In addition to these four schools, therapists have begun to incorporate existential themes into their therapeutic practices. In 2007, Kirk Schneider, a protege of Rollo May, developed and published a book on Existential-Integrative Therapy, to emphasize the flexible and adaptive way existential therapy can be integrated with other therapy modalities. Contemporary therapists have published works discussing how existential themes can be incorporated in cognitive-behavioral therapy, narrative therapy, constructivist therapies, and psycho-oncology. Paul T. P. Wong has also written at length on incorporating existential themes in positive psychology, creating a unique version of "existential positive psychology".

==Development==
=== In Europe ===
The European School of existential analysis is dominated by two forms of therapy: Logotherapy, and Daseinsanalysis. Logotherapy was developed by psychiatrist Viktor E. Frankl. Frankl was heavily influenced by existential philosophy, as well as his own experience in the Nazi concentration camps of World War II. The three main components to Logotherapy are Freedom of Will, which is the ability to change one's life to the degree that such change is possible, Will to Meaning, which places meaning at the center of well-being, and Meaning in Life, which asserts the objectivity of meaning. The primary techniques of Logotherapy involve helping the clients to identify and remove any barriers to the pursuit of meaning in their own lives, to determine what is personally meaningful, and to then help patients effectively pursue related goals. Daseinsanalysis is a psychotherapeutic system developed upon the ideas of Martin Heidegger, as well as the psychoanalytic theories of Sigmund Freud, that seeks to help the individual find autonomy and meaning in their "being in the world" (a rough translation of "Dasein").

===In Britain===
Britain became a fertile ground for further development of the existential approach when R. D. Laing and David Cooper, often associated with the anti-psychiatry movement, took Sartre's existential ideas as the basis for their work (Laing, 1960, 1961; Cooper, 1967; Laing and Cooper, 1964). Without developing a concrete method of therapy, they critically reconsidered the notion of mental illness and its treatment. In the late 1960s, they established an experimental therapeutic community at Kingsley Hall in the East End of London, where people could come to live through their 'madness' without the usual medical treatment. They also founded the Philadelphia Association, an organization providing an alternative living, therapy, and therapeutic training from this perspective. The Philadelphia Association is still in existence today and is now committed to the exploration of the works of philosophers such as Ludwig Wittgenstein, Jacques Derrida, Levinas, and Michel Foucault as well as the work of the French psychoanalyst Jacques Lacan. It also runs some small therapeutic households along these lines. The Arbours Association is another group that grew out of the Kingsley Hall experiment. Founded by Joseph Berke and Schatzman in the 1970s, it now runs a training program in psychotherapy, a crisis center, and several therapeutic communities. The existential input in the Arbours has gradually been replaced with a more neo-Kleinian emphasis.

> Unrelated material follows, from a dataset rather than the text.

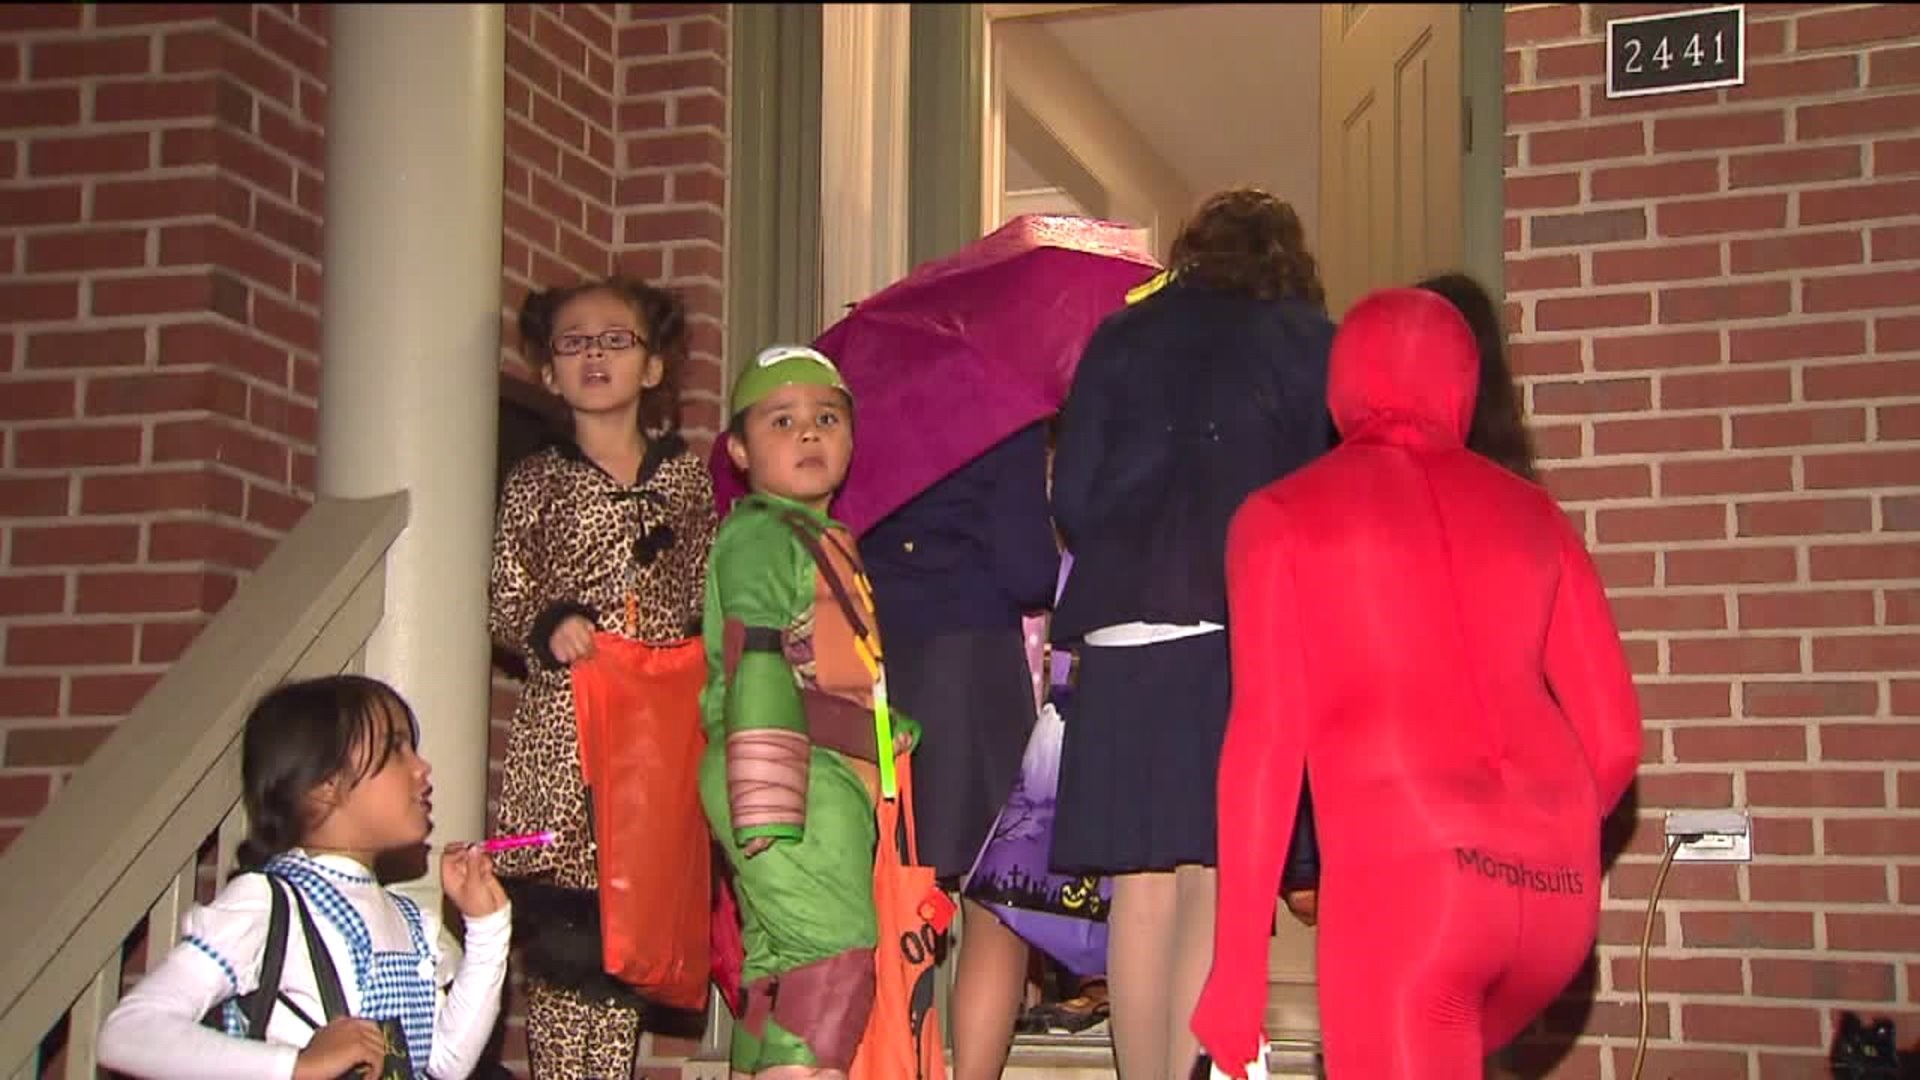 Frightful Forecast Changes Halloween Plans

The impetus for further development of the existential approach in Britain has primarily come from the development of some existentially based courses in academic institutions. This started with the programs created by Emmy van Deurzen, initially at Antioch University in London and subsequently at Regent's College, London and since then at the New School of Psychotherapy and Counseling, also located in London. The latter is a purely existentially based training institute, which offers postgraduate degrees validated by the University of Sheffield and Middlesex University. In the past few decades, the existential approach has spread rapidly and has become a welcome alternative to established methods. There are now many other, mostly academic, centers in Britain that provide training in existential counseling and psychotherapy and a rapidly growing interest in the approach in the voluntary sector and the National Health Service.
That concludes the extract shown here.